At this, the Dr. turned his eyes to the ground then pretended to scan the stack of papers in his hand. “I’m afraid that isn’t possible.”

“But I just saw him. I know he’s here! He was just outside that door!”

He regarded her with what she would call pity. His eyes were shallow enough to see it there. And ignoring her words, he shuffled on with his own, “So you really have no idea of why you are here?”

She stared at him in confusion and disarray -with her heart as heavy as rock. The feeling something had been pulled out from under started to take shape and she felt herself slowly begin to fall.

“No. I, uh, I remember a coffee shop. Then there was a fog…then I ran into something sharp and hard. That’s it, the next thing I remember is waking up here…” 
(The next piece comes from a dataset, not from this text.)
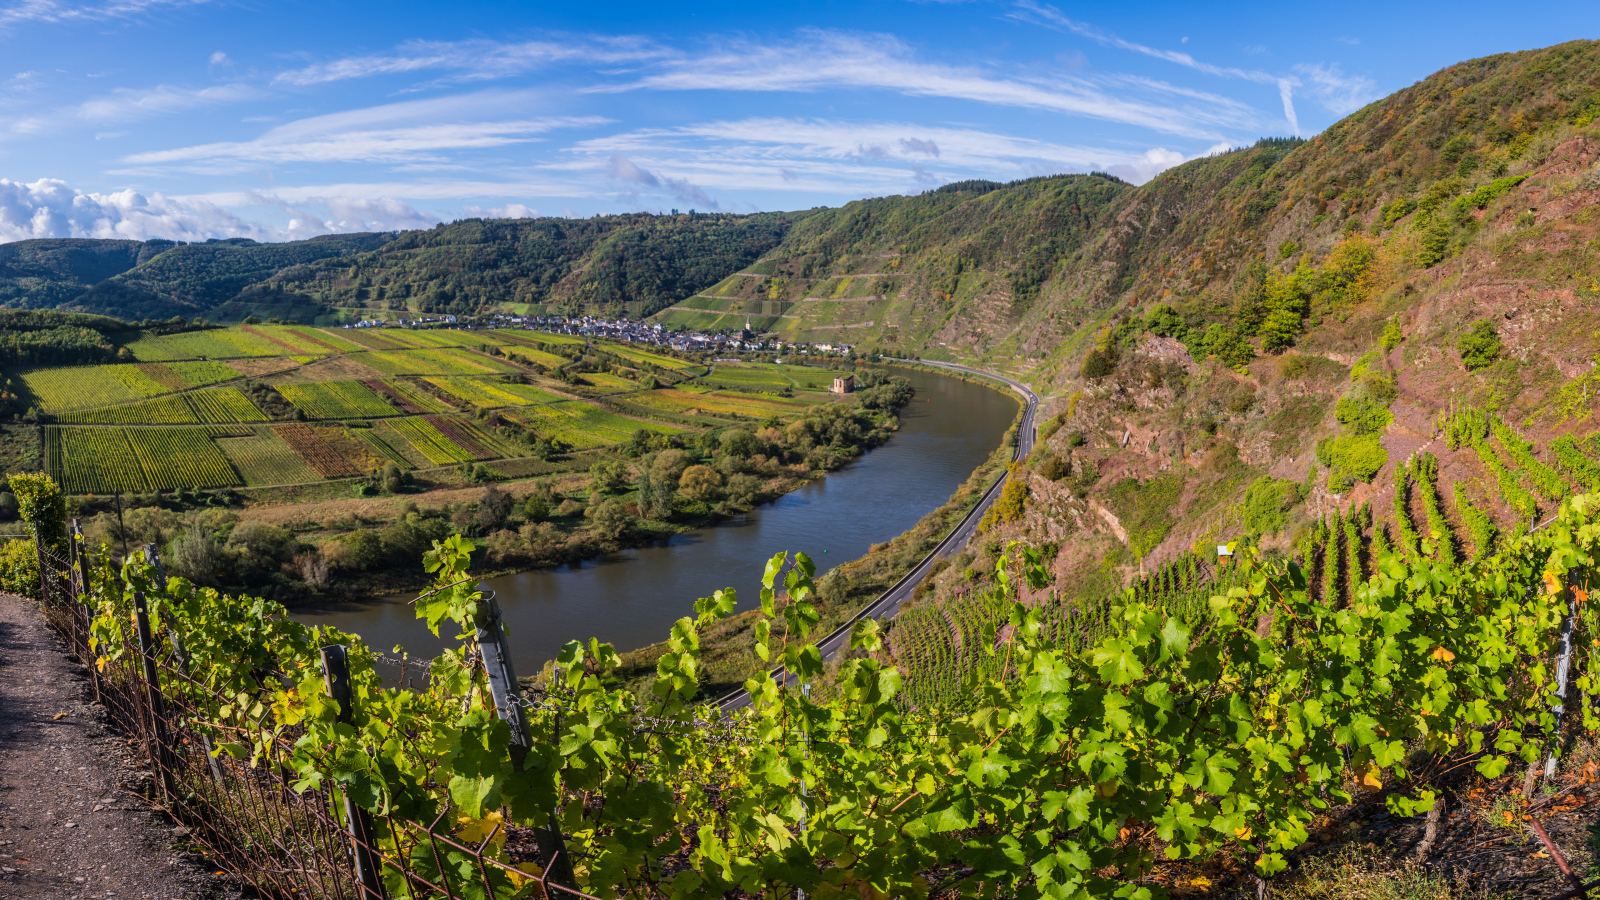 Вид на виноградники у реки под голубым небом, Германия 
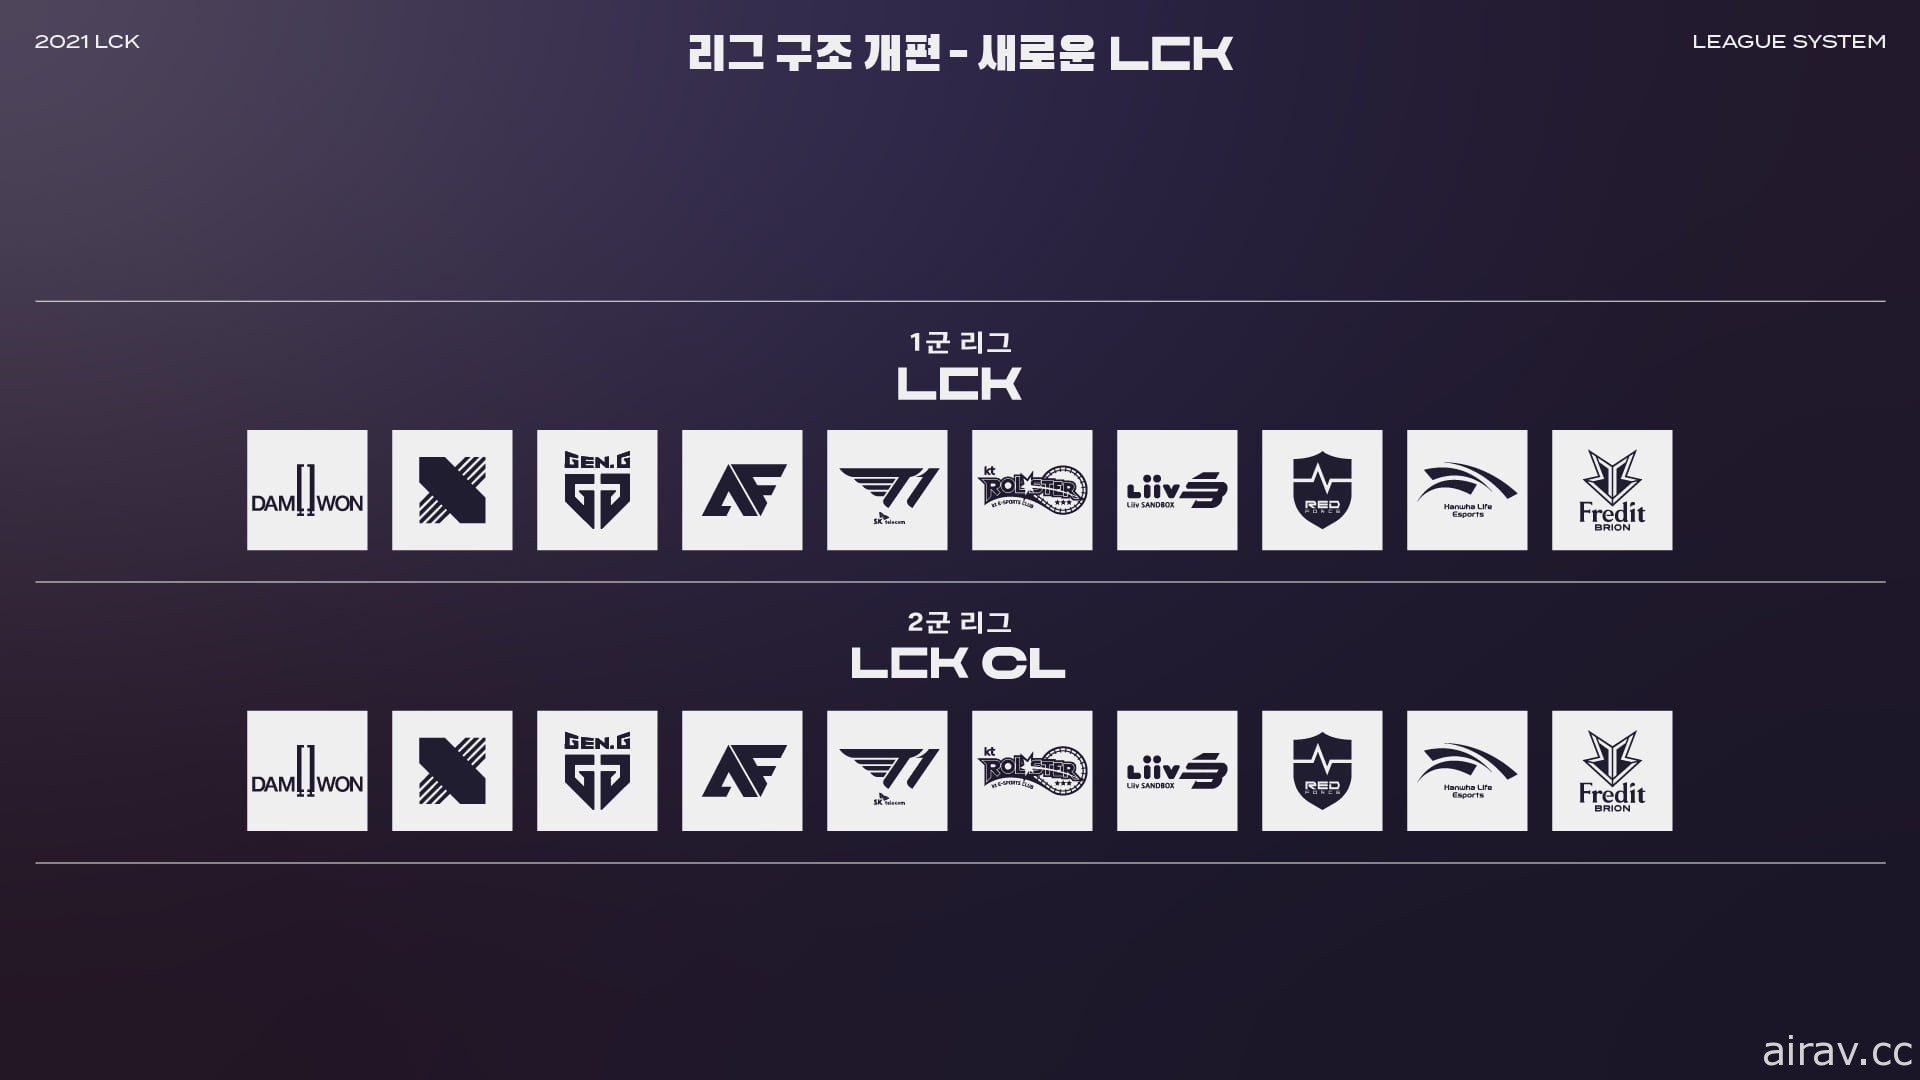 《英雄聯盟》LCK 新賽季 1 月 13 日開戰 公開各隊選手名單與賽程

Panic thumped through her, the hole began to widen, the fall began to gather speed. But this was just a dream!

“Perhaps we should continue this later.” He said.

“Oh no. Oh no you don’t! I deserve some sort of explanation. I want my lawyer, I want my husband and I want my kids!”

“I can’t speak as to the whereabouts of your lawyer, but my dear girl, your family…they’re all dead. I’m sorry. You really don’t remember?”

Now:

Sometimes the destiny we think was written for others suddenly appears on our page -the ink still wet with stardust. I cannot, or will not, remember that day, and in so many ways I hope I never do.

Still there is a part of me that grieves, for the absence of the memory, for being gone from my family, missing from the moment the sky fell and sent us scattering like leaves. All I have is the report, someone else’s account of what happened to them, to us, that day. It is no longer my story, I am only a character, a part played in the pages describing the scene.

I’ve read the story, written by a stranger. They showed me the papers, the headlines, the news that made it clear to California. But no matter how many times my eyes converge with the page, or how hard I strain to see, I cannot find myself there. The family too, seems vacant to me, a mere group of strangers. Victims of an unfortunate event. Like they were lives led by people far away, hit by some tsunami or storm. I am sad for them and send my prayers -for what? For life after death.

But they were not my family. I refuse to believe it. To believe, you may not have to see, but doesn’t one have to feel? No my family, my four kids and him, have merely sailed away. They packed their bags when I’d finally lost my mind, wandered too far away to find. They live out West now, somewhere in the country perhaps. Where fields of wishes grow untamed and wild, and the days are promising and bright, and the sky is as big as the endless sea. This is what I choose to believe.